Are you an experienced science journalist? Would you like a change of scenery and the chance to escape your daily routine? The Heidelberg Institute for Theoretical Studies’ (HITS) “Journalist in Residence” program offers the possibility of spending three to six months among bright scientific minds, thereby allowing you to gain a deeper insight into computer-aided, data-driven research and to work without the pressures of everyday business. Acceptance into the program is compensated with € 5,000 per month. The deadline for applications is November 15, 2017, and one position is open in 2018 as well as in 2019.
At HITS, a private, non-profit basic research institute, 120 scientists from 20 countries are currently working in 12 research groups. Their fields of research range from molecular biology to astrophysics, and HITS focuses on the processing, structuring, and analysis of large amounts of complex data and the development of computational methods and software. One aim of the institute is to raise public awareness of the importance of computer-aided, data-driven research in the natural sciences. The institute is located in Heidelberg, Germany, a city with a top-100 university (Shanghai ranking 2016) and many high-class research institutions.
The “Journalist in Residence” program is geared towards freelance and staff science journalists with several years of experience and a focus on the natural sciences and technology. The program is open to all media (print, online, radio, TV), and one of its goals is to encourage dialogue between journalists and researchers. This daily contact enables the journalists to gain a better understanding of the way research works and how researchers think. We do not expect the journalists to publish anything related to HITS in return. Instead, the program supports free and independent journalism.
A good command of spoken and written English is a prerequisite.
The Journalists in Residence for 2018 and 2019 will be chosen by a selection committee consisting of German science journalists Martin Schneider (president of the German science journalist association WPK), Dr. Carsten Könneker (Editor-in-Chief of “Spektrum der Wissenschaft,” Springer Nature), and Dr. Alexander Mäder (free journalist), Beatrice Lugger (NaWik), as well as of scientists from diverse universities, Max Planck Institutes, and HITS.

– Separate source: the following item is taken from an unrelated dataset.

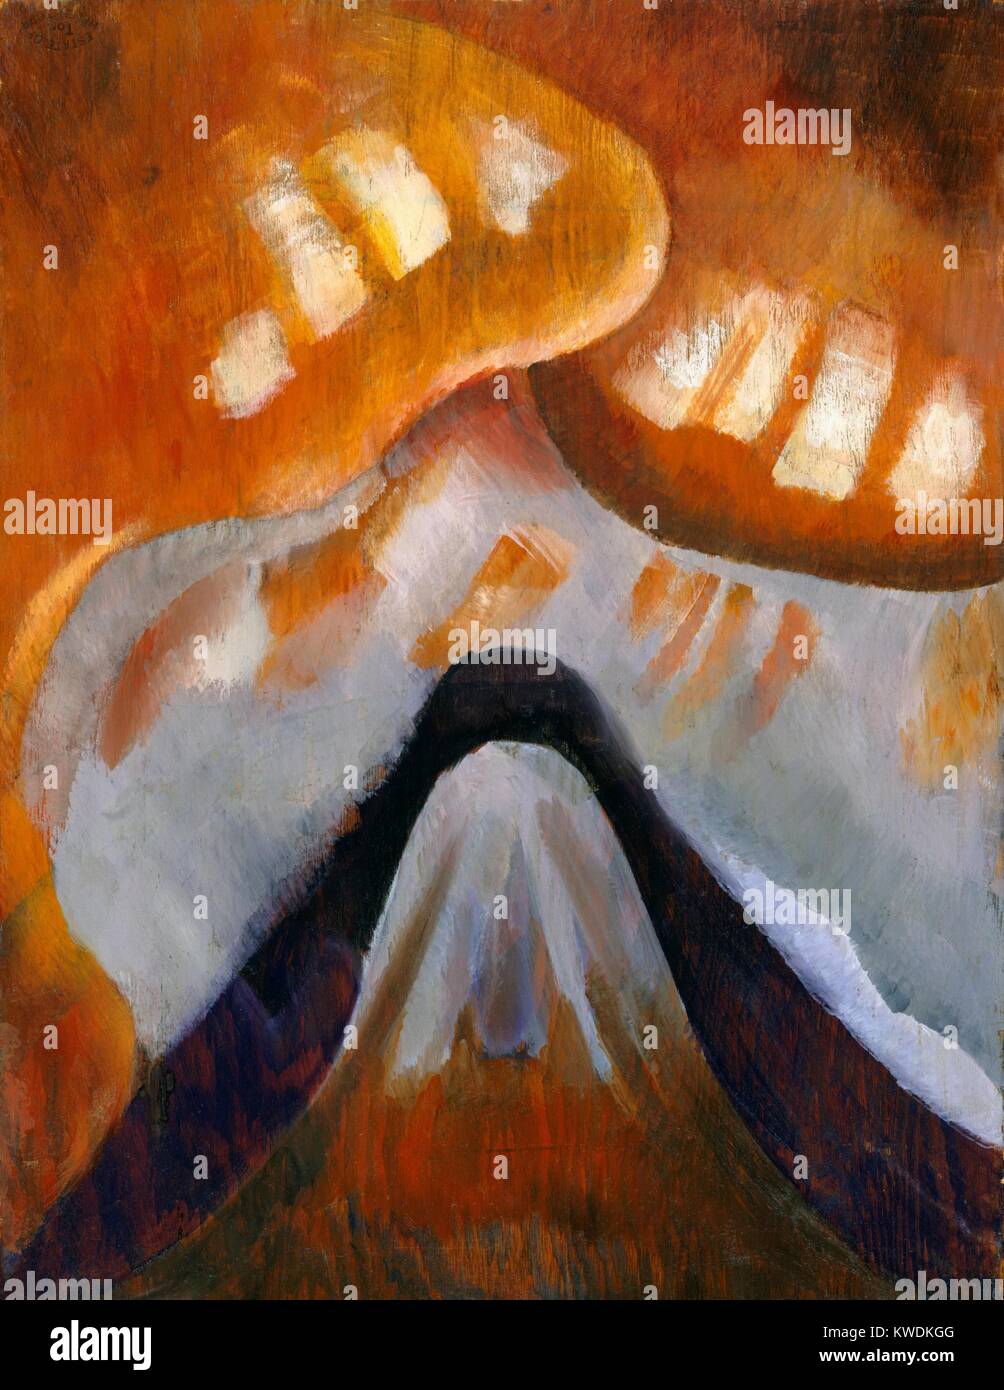 Montagne ET CIEL, par Arthur Dove, 1925, American peinture, huile sur panneau de bois. Résumé Le paysage est peint de façon spectaculaire avec nuages orange (BSLOC 2017 7 80) Banque D'Images

The first Journalist in Residence was the award-winning German science journalist Volker Stollorz in 2012. While working together with HITS researchers during his stay, he conceived the “OperationsExplorer”, a data journalism project that provided the data basis for journalistic research and for a TV production on the spatial distribution of surgery treatments in German hospitals.
To date, there have been six “Journalists in Residence” at HITS – from Germany, the U.S., Spain, and India. These journalists were able to learn about new topics and utilize their stay to meet scientists and other journalists. For example, Dr. Michele Catanzaro from Barcelona, Spain (Journalist in Residence in 2014) gave a talk at the “Wissenswerte” conference, where he met colleagues with whom he later collaborated on the cross-border project “hearing voices,” enabling him to win the “European Science Writer of the Year” award in 2016.
The most recent Journalist in Residence, T.V. Padma from Delhi, India, has just returned home from her stay at HITS. According to Padma, “this program offers a rare opportunity. Life as a journalist is a mad rush for deadlines under high pressure. For five months, my focus was not on deadlines, but on learning new things.” Back in India, Padma is working on data journalism projects that she initiated together with a HITS research group during her stay in Heidelberg.
The deadline for applications is November 15, 2017. The program will be presented at the World Conference of Science Journalists (WCSJ) in San Francisco, USA, at the end of October. T.V. Padma and her predecessor, Cologne-based radio journalist Michael Stang, will speak at the conference.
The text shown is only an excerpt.